Functional maturation of somatotropes in fetal rat pituitaries: analysis by reverse hemolytic plaque assay

LS Frawley, JP Hoeffler and FR Boockfor

Immunocytochemistry (ICC) and a reverse hemolytic plaque assay for GH were used to investigate the temporal relationships between the initiation of hormone storage and release by developing somatotropes and the onset of responsiveness of these cells to stimulatory and inhibitory secretagogues. Anterior pituitaries obtained from rats on days 18-21 of fetal development (pups were generally delivered on fetal day 22, which is equivalent to day 0 of neonatal life) were monodispersed with trypsin, cultured for 24 h, and then subjected to reverse hemolytic plaque assay and/or ICC for GH. GH-containing cells (determined by ICC) were extremely rare (less than 1%) in cultures derived from day 18 fetuses, but accounted for 22.4%, 25.2%, and 24.5% of all cells in cultures from day 19-21 fetuses, respectively.
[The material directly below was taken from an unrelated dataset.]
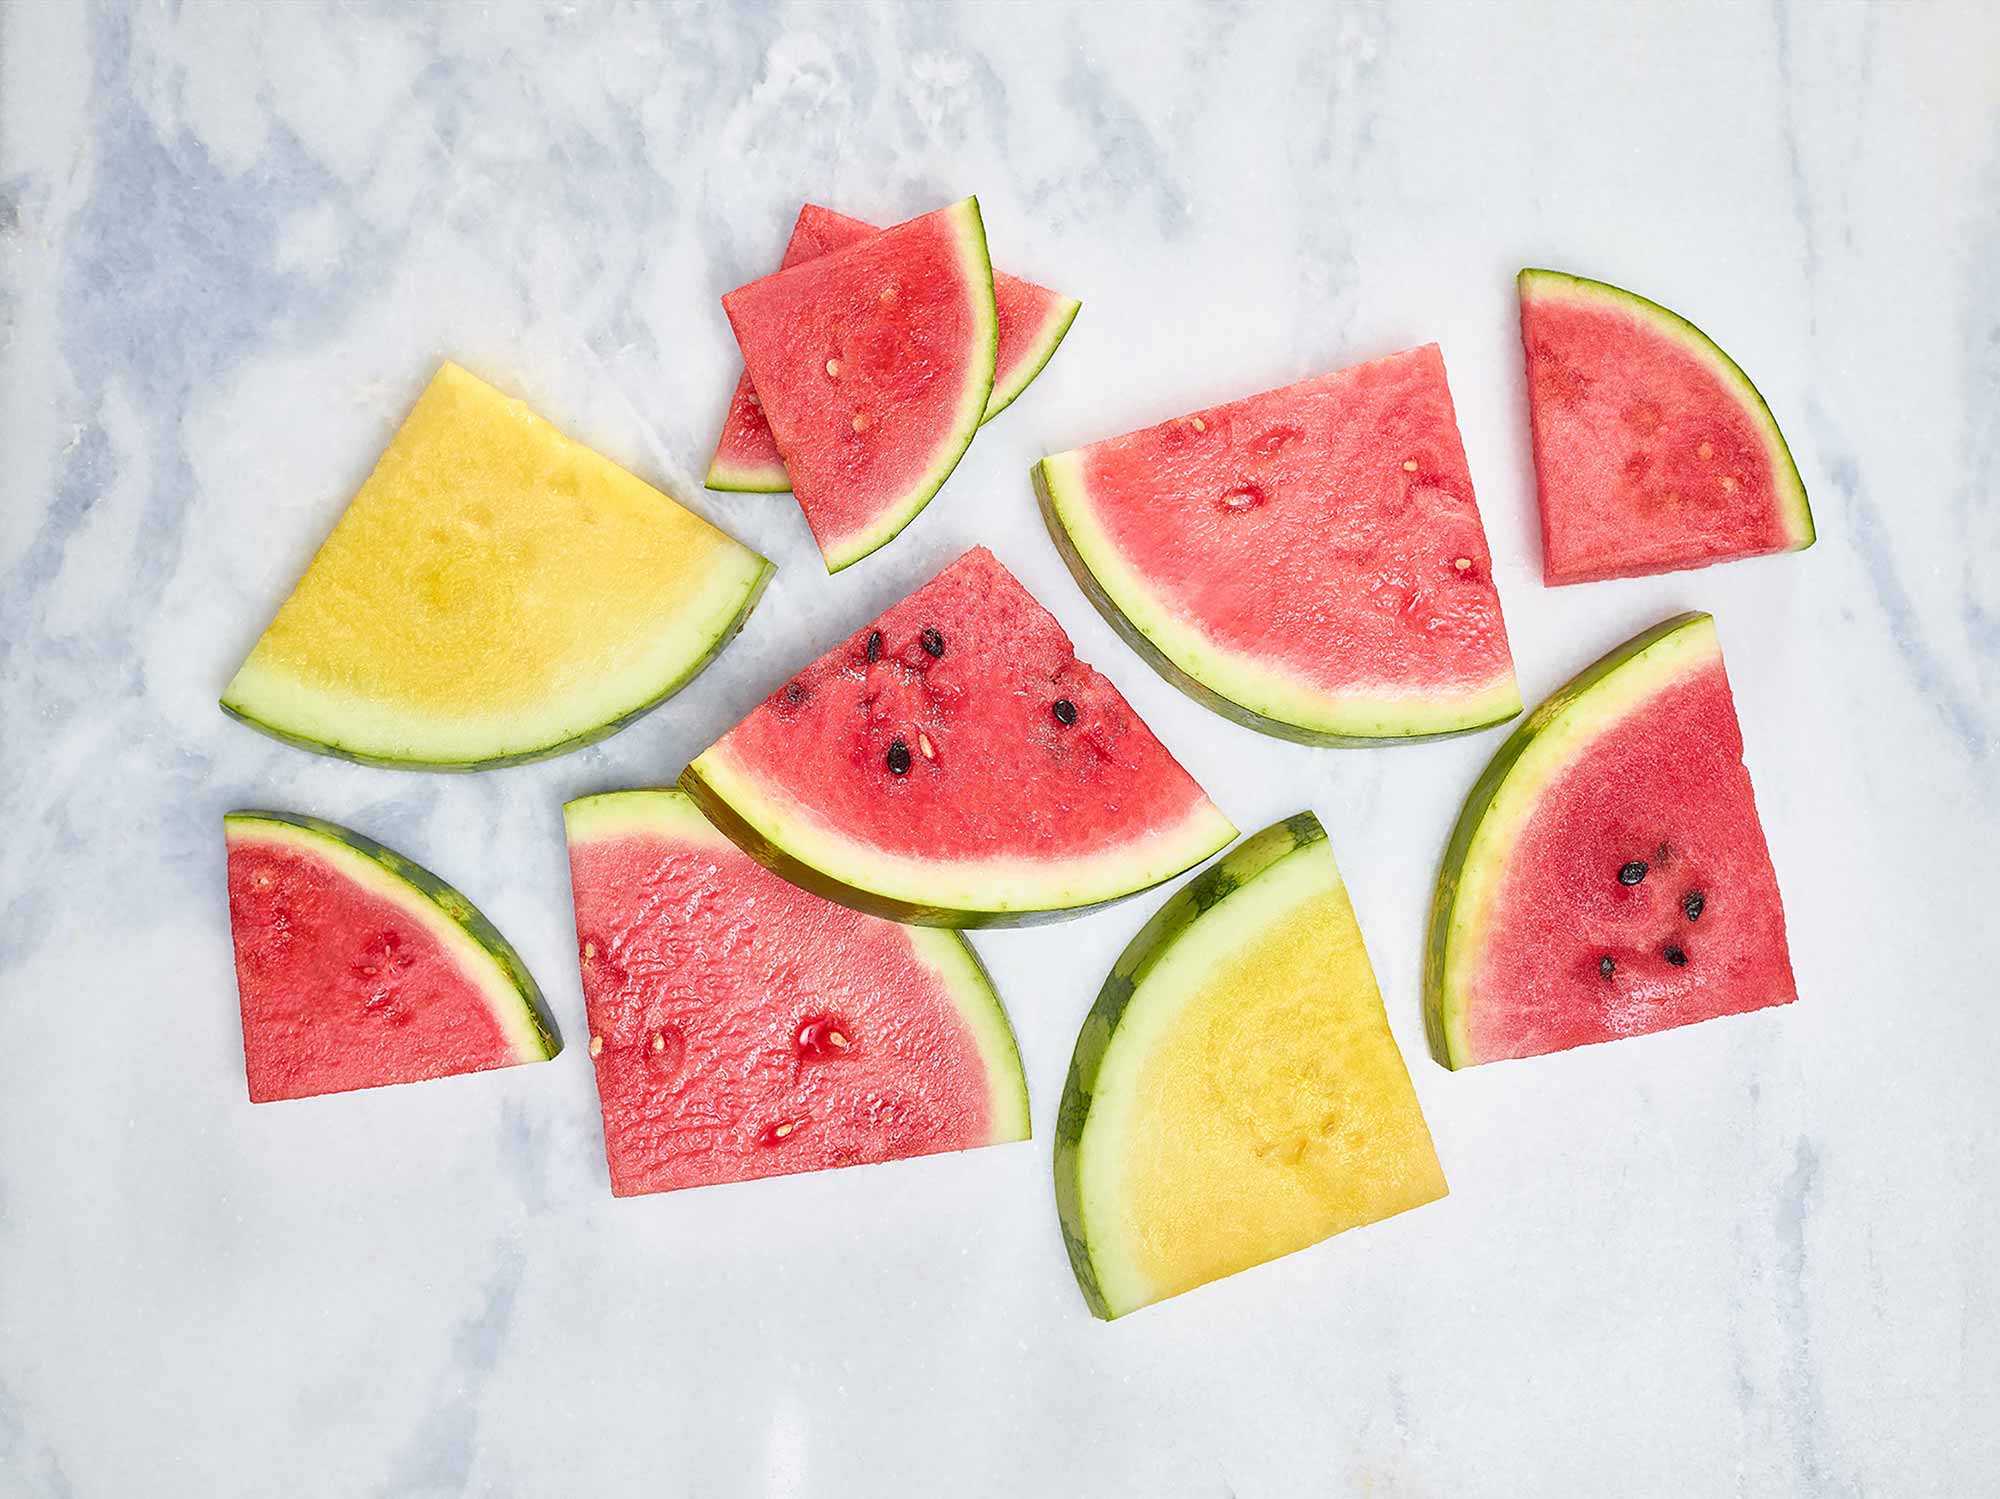 Watermelon board capitalizes on digital tactics

The proportion of GH-releasing cells, as determined in a long term (120-min incubation with antibody) plaque assay, was less than 1%, 22.4%, and 22.9% for days 18, 20, and 21, respectively, but only 13.6% for day 19 cells. Thus, many pituitary cells from day 19 fetuses contained, but did not release, GH. While GH-releasing factor (1-44) (1 X 10(-7) M) had no effect on the percentage of GH plaque-forming cells in long term incubations, it enhanced (by approximately the same degree in day 19-21 groups) the percentage of cells that formed plaques and the size of the plaques in short term (45-min) incubations with antibody. Somatostatin (1 X 10(-7) M) exerted inhibitory effects on these variables when tested in long term incubations, and age of the donor rats did not influence pituitary responsiveness to this secretagogue. These results suggest that the capacities of fetal somatotropes to store GH and release it under basal and regulated conditions are attained, in large part, within an extremely narrow time frame between days 18 and 19 of fetal development.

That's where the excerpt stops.